Assignment: Your task is to return exactly the lines that run from the one containing "Tesniaca vložka s" through the end of the listing below, without any pictures.

Data excerpt:

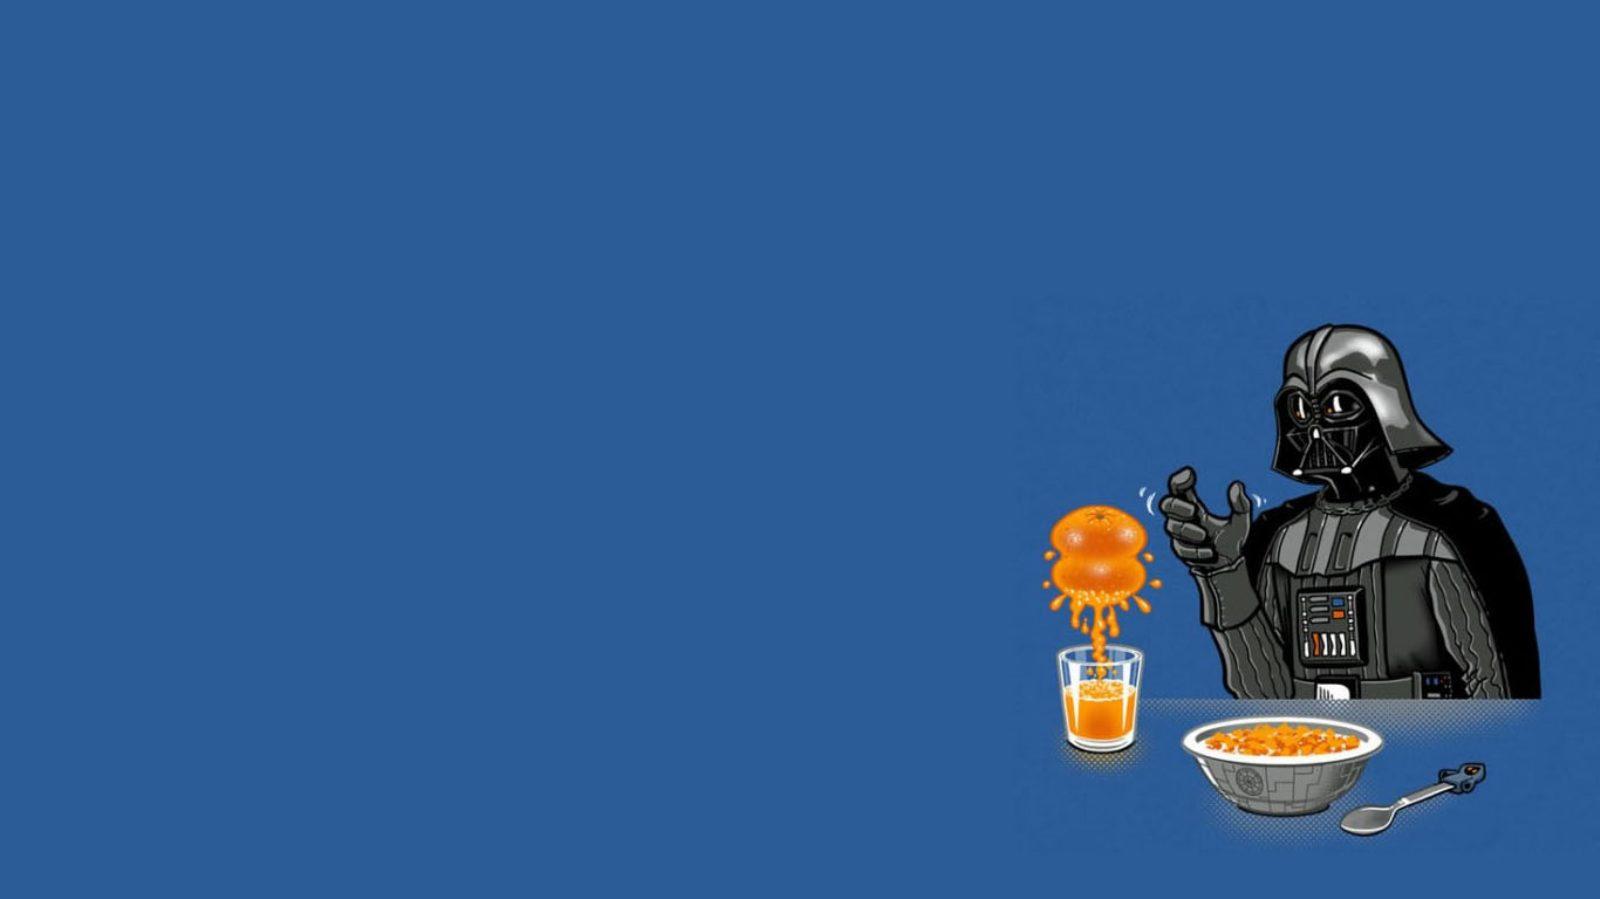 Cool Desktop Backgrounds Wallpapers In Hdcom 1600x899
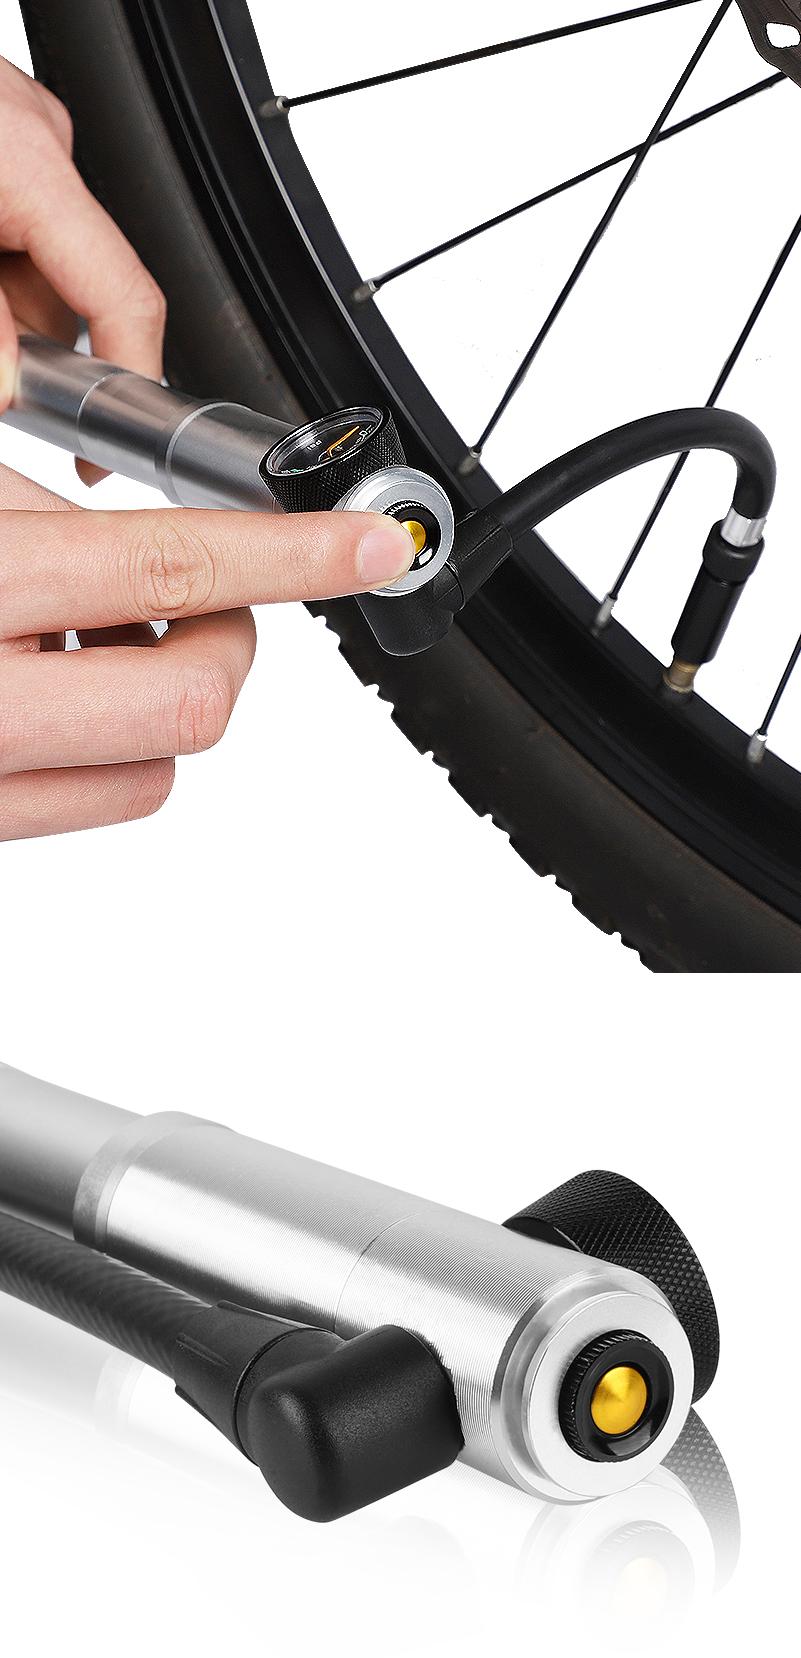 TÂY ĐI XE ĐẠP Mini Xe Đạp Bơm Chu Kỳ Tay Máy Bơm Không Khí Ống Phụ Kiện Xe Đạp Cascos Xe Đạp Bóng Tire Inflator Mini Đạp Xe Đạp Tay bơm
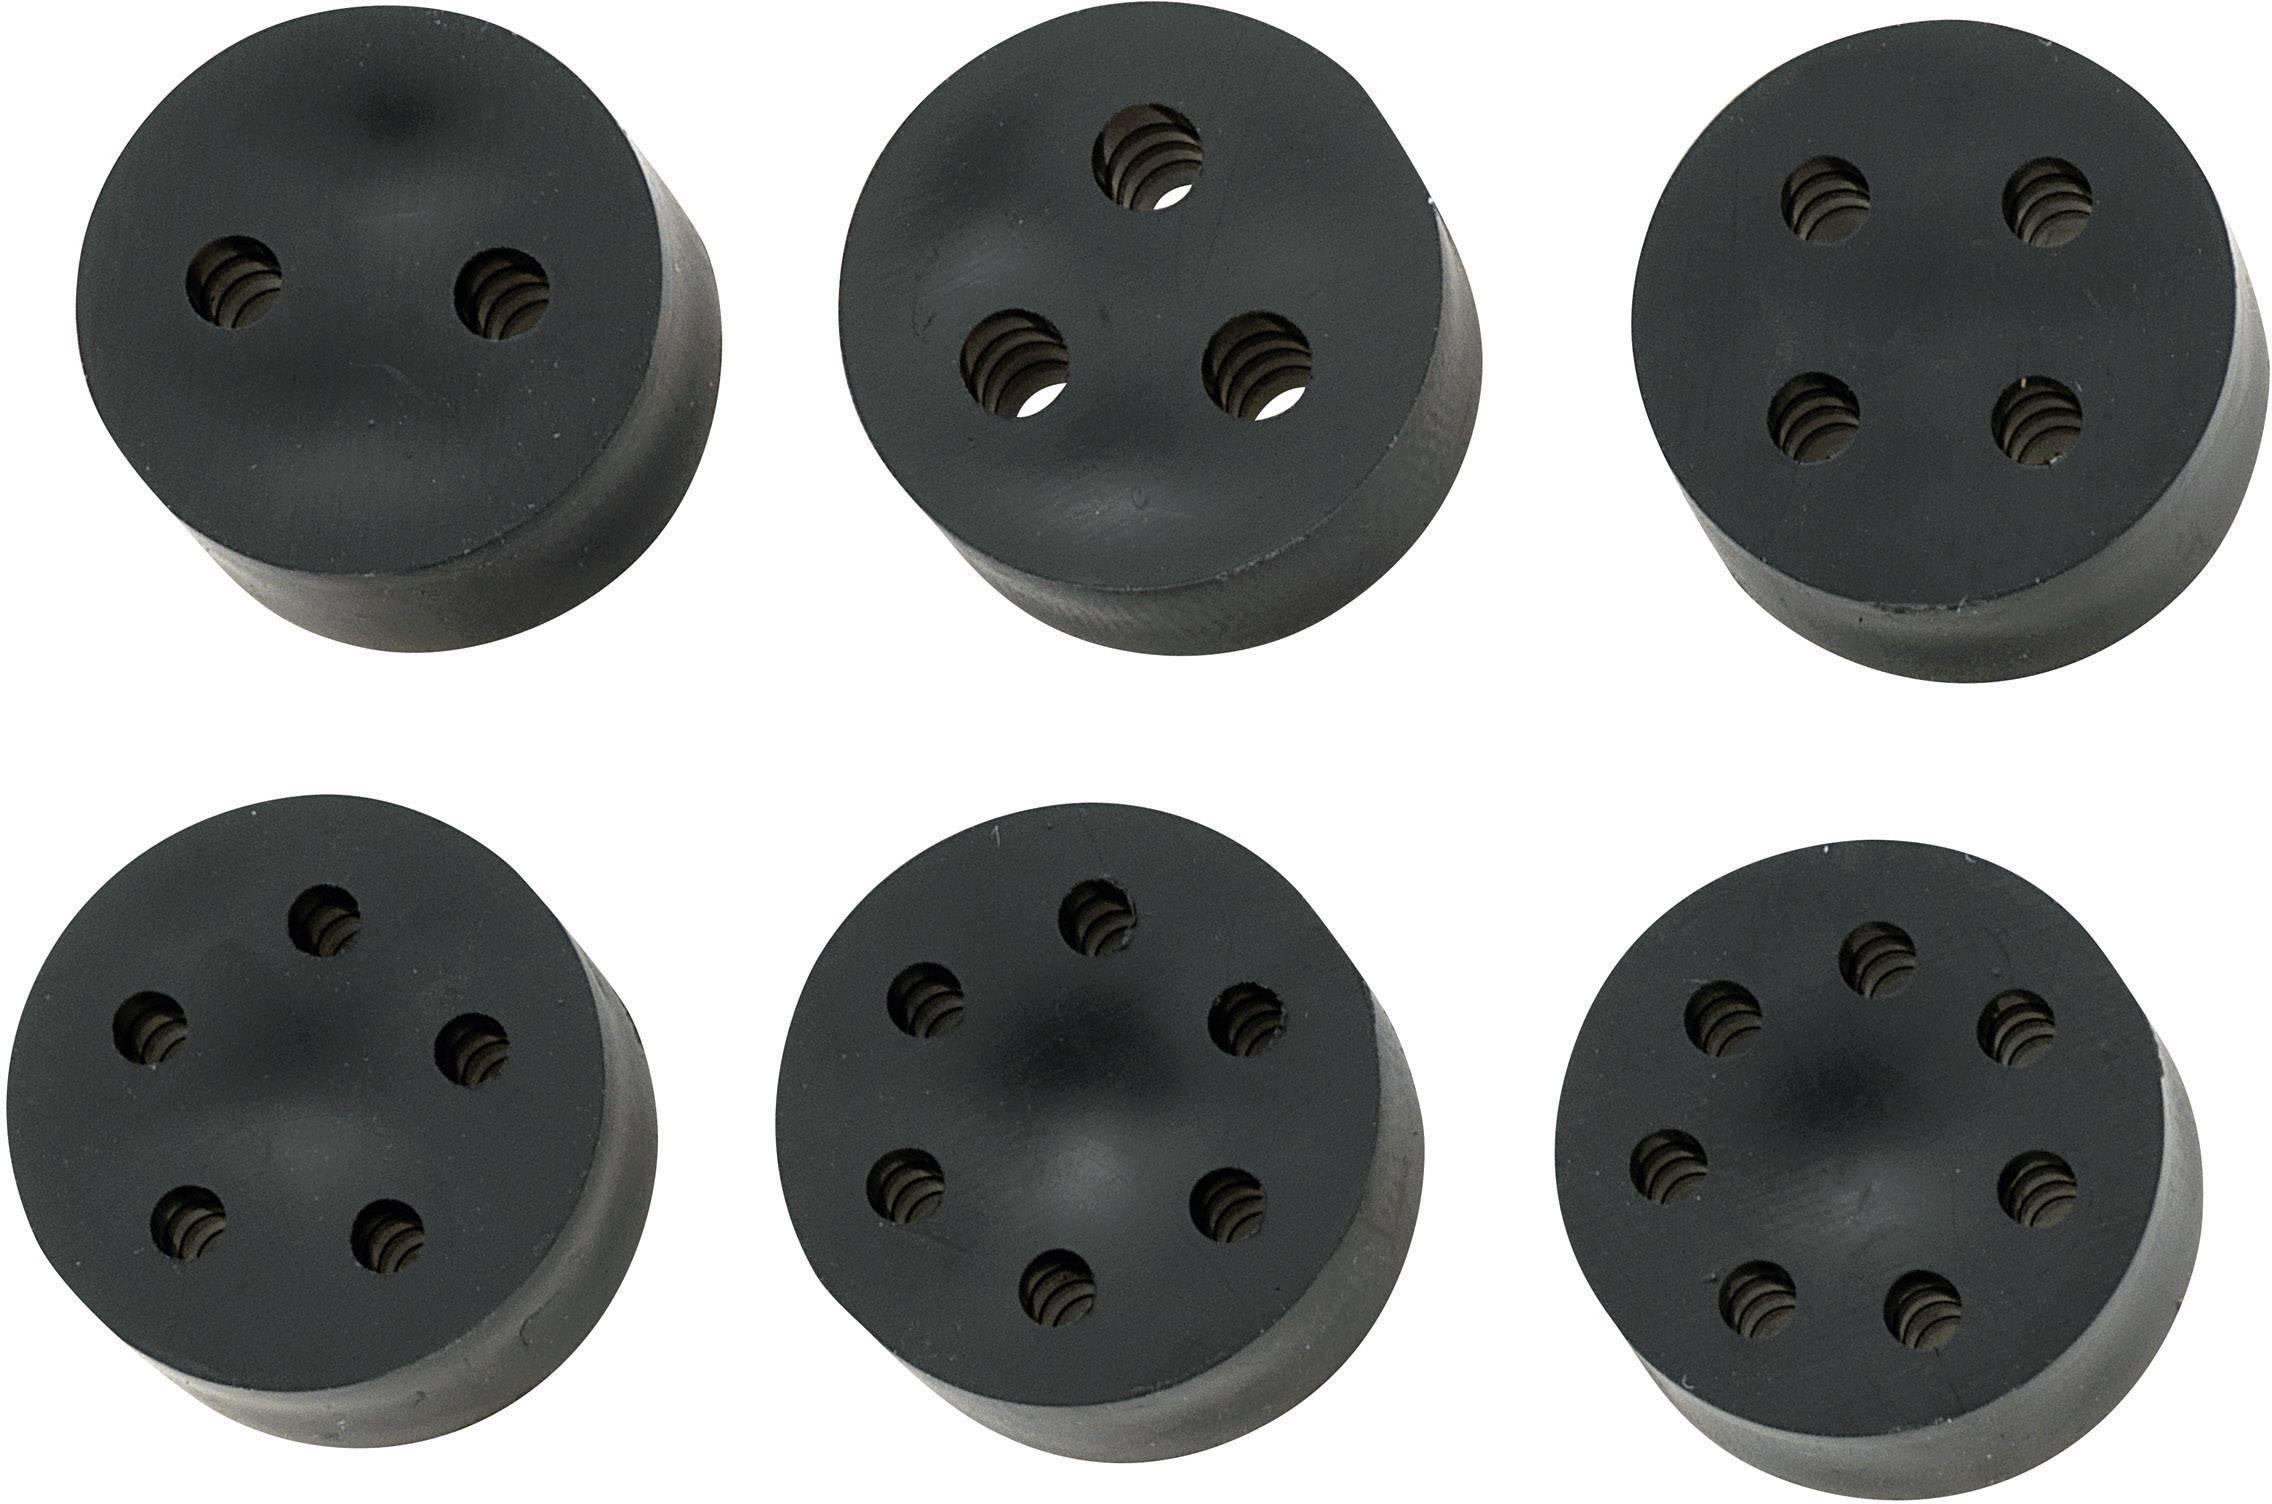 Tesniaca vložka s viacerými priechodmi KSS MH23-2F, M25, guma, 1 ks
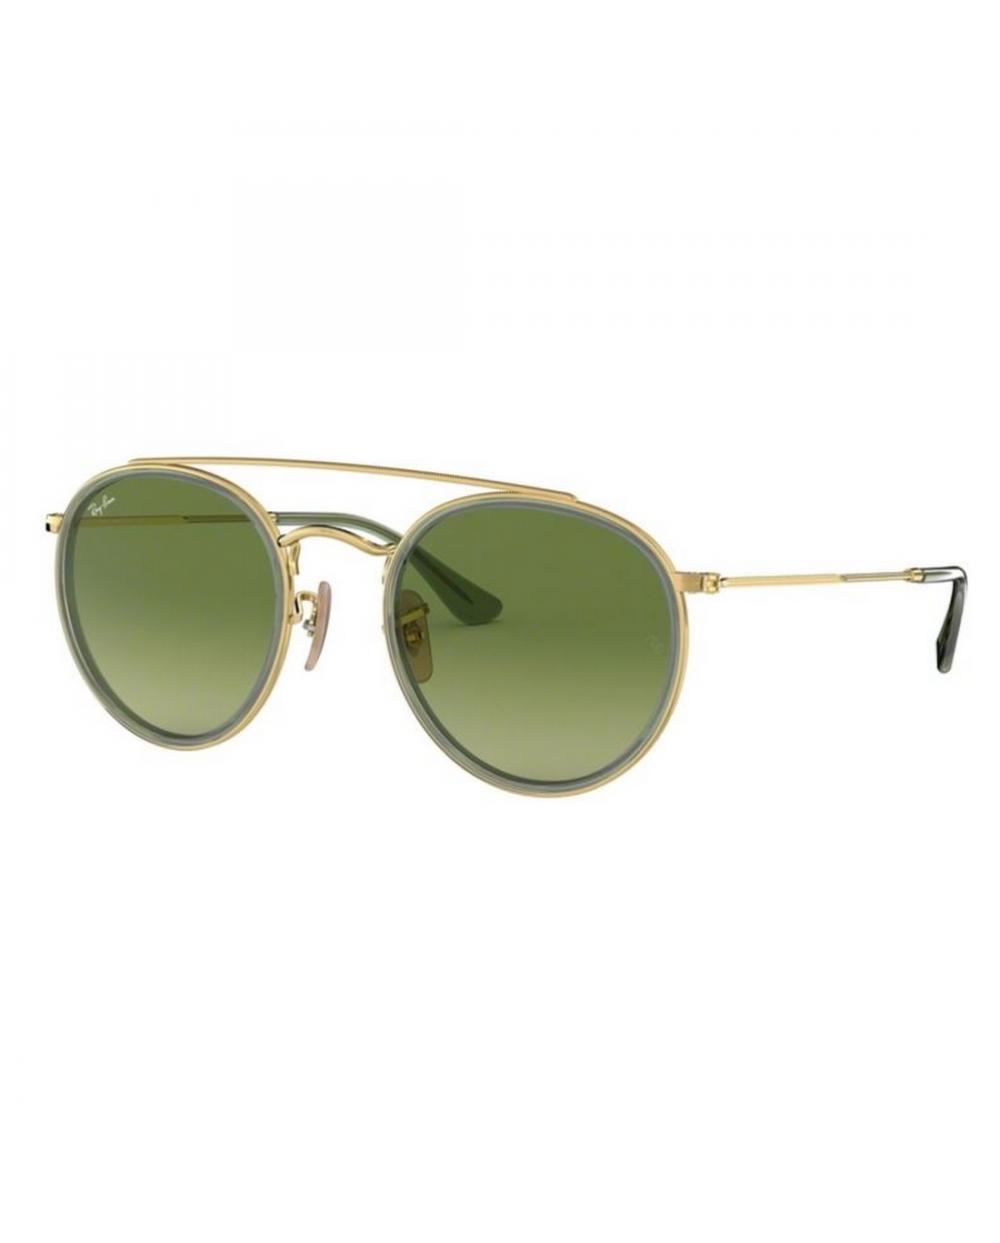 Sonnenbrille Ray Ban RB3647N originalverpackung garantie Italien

Response below:
 Tesniaca vložka s viacerými priechodmi KSS MH23-2F, M25, guma, 1 ks
 Sonnenbrille Ray Ban RB3647N originalverpackung garantie Italien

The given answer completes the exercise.